> **What you are asked to do**
Give the lines below again, exactly as they stand, and leave out the images.

> **The data**
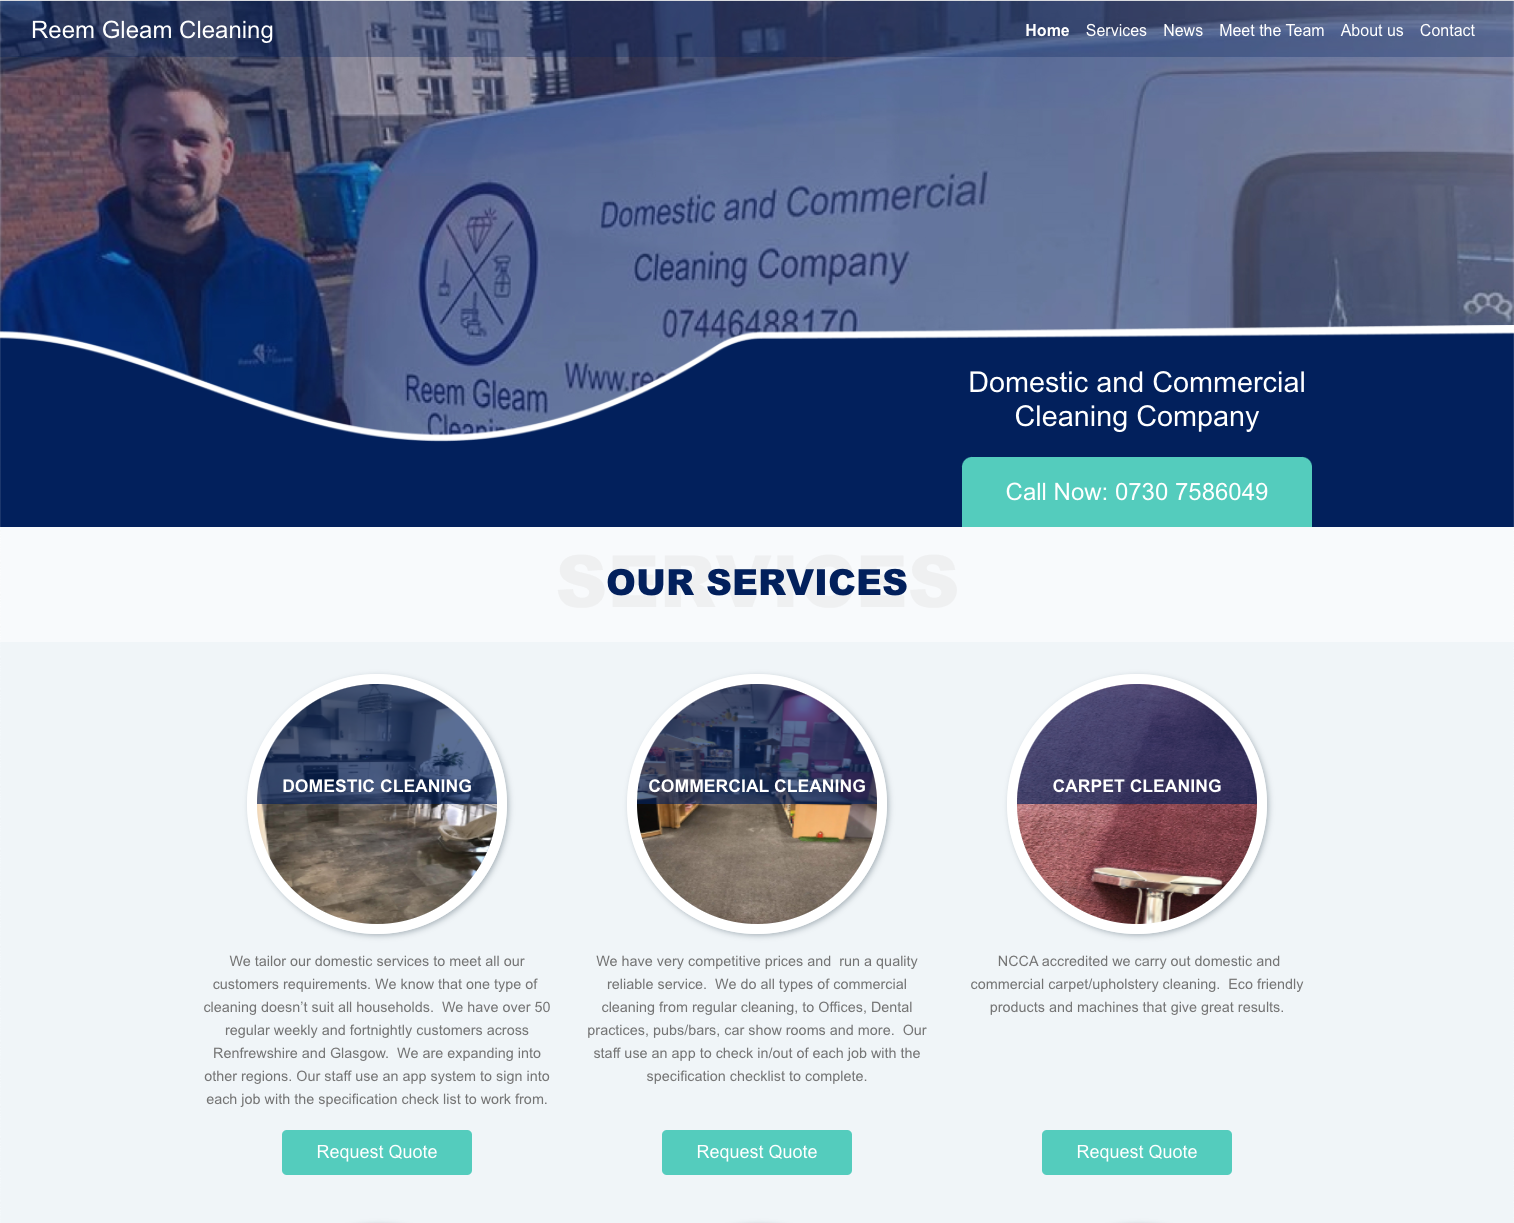 Web Design Kent | reemgleamcleaning.com
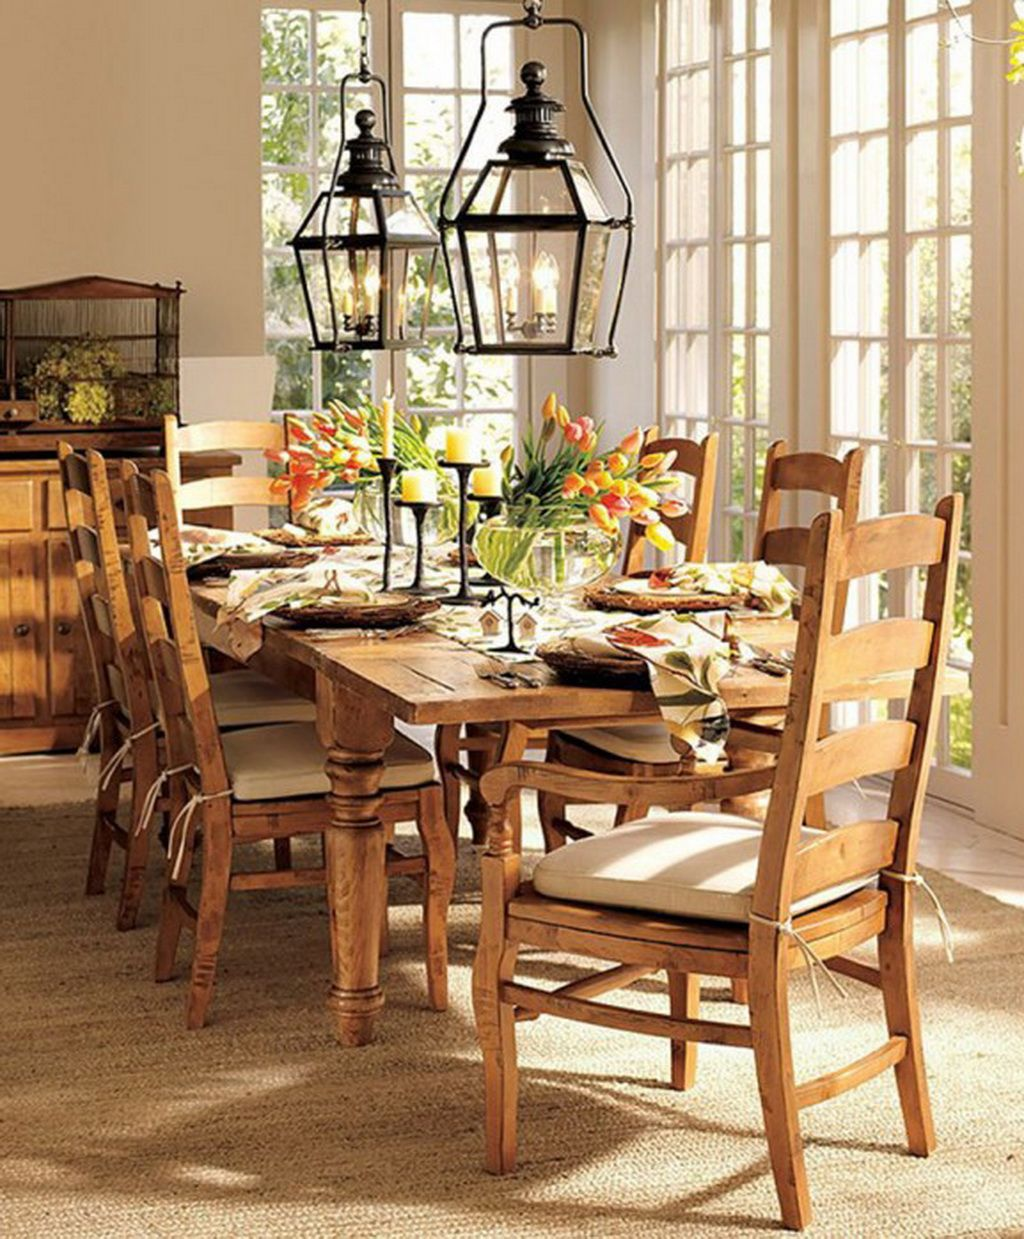 Simple Pottery Barn Kitchen Table Set Rectangular Maple Wood
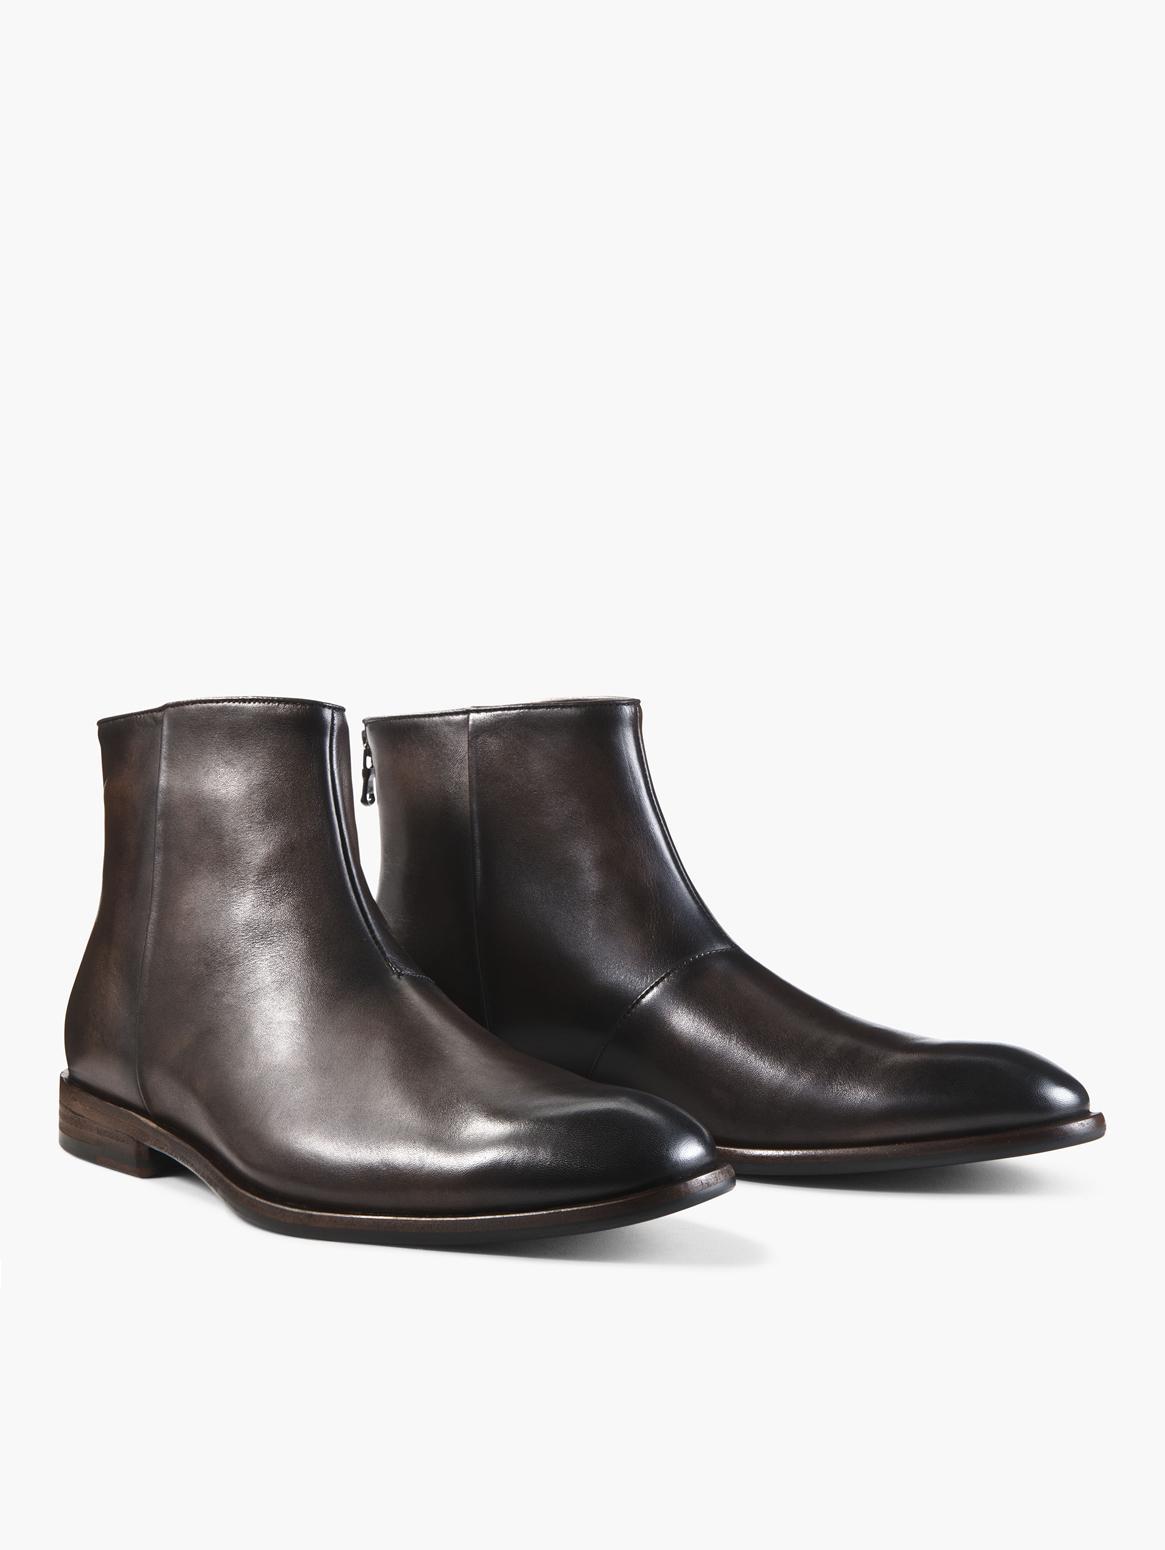 John Varvatos Nyc Back Zip Boots Wood Brown
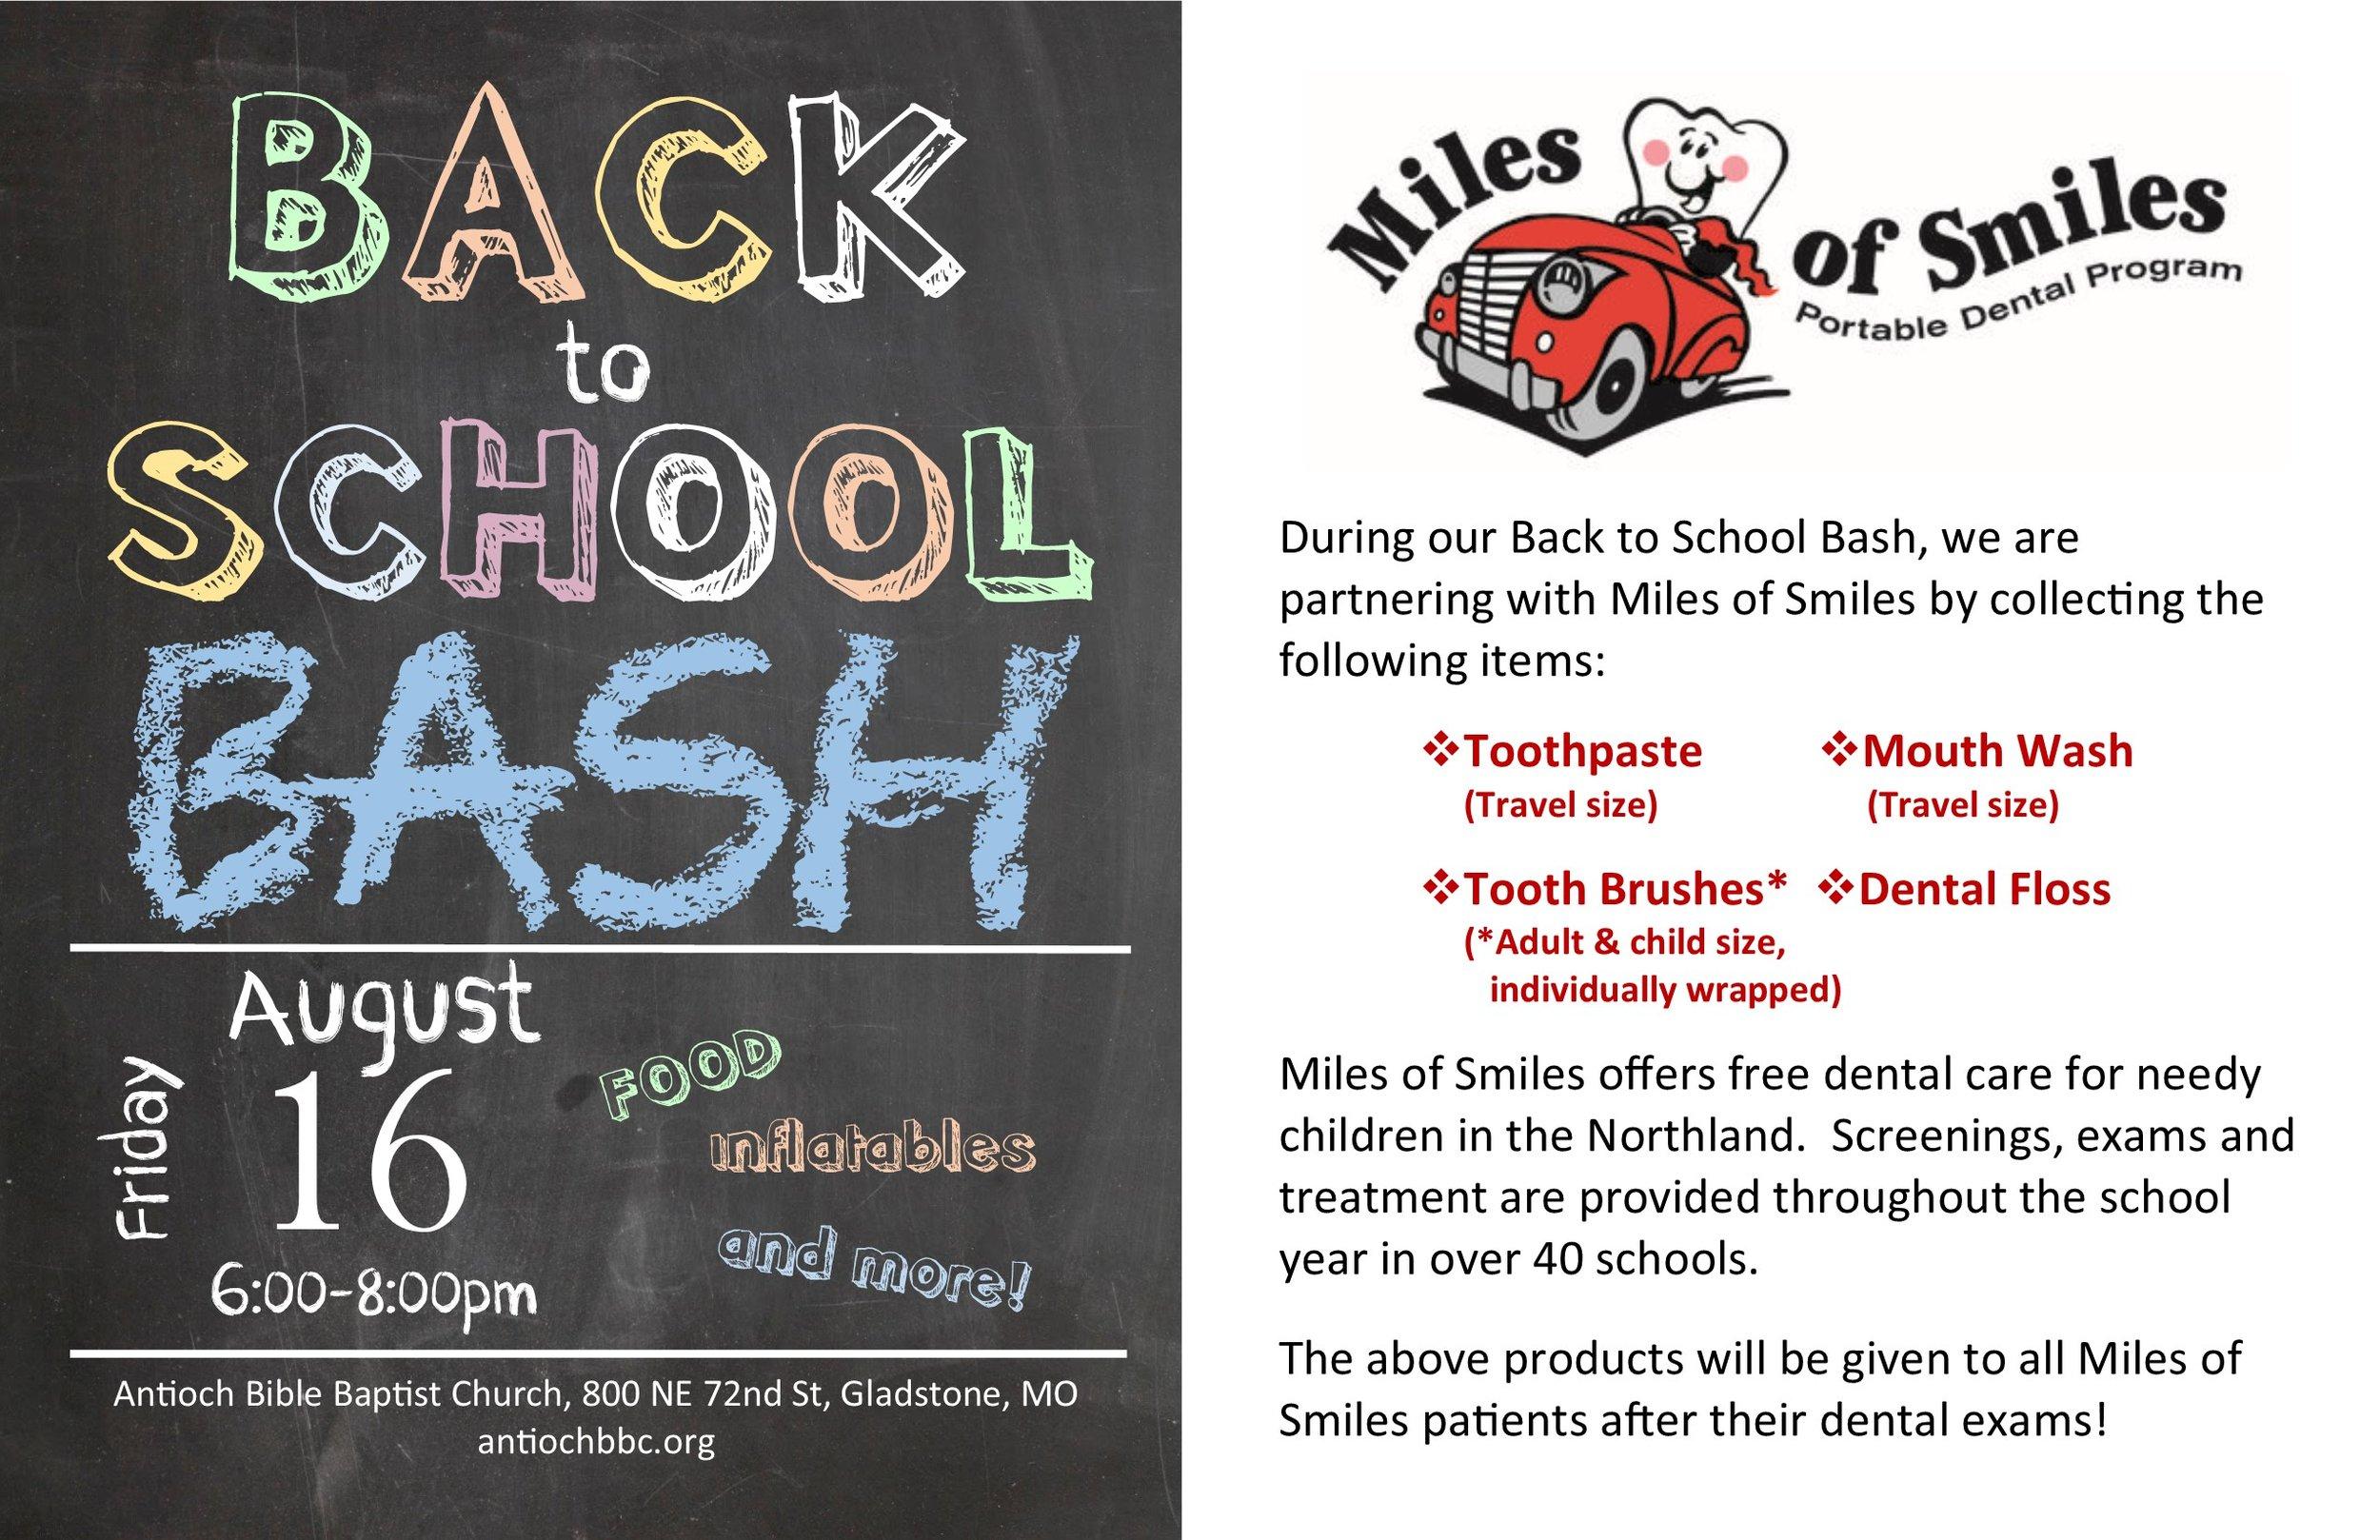 2019 Back to School Bash flyer.jpg

> **Answer section**
 Web Design Kent | reemgleamcleaning.com
 Simple Pottery Barn Kitchen Table Set Rectangular Maple Wood
 John Varvatos Nyc Back Zip Boots Wood Brown
 2019 Back to School Bash flyer.jpg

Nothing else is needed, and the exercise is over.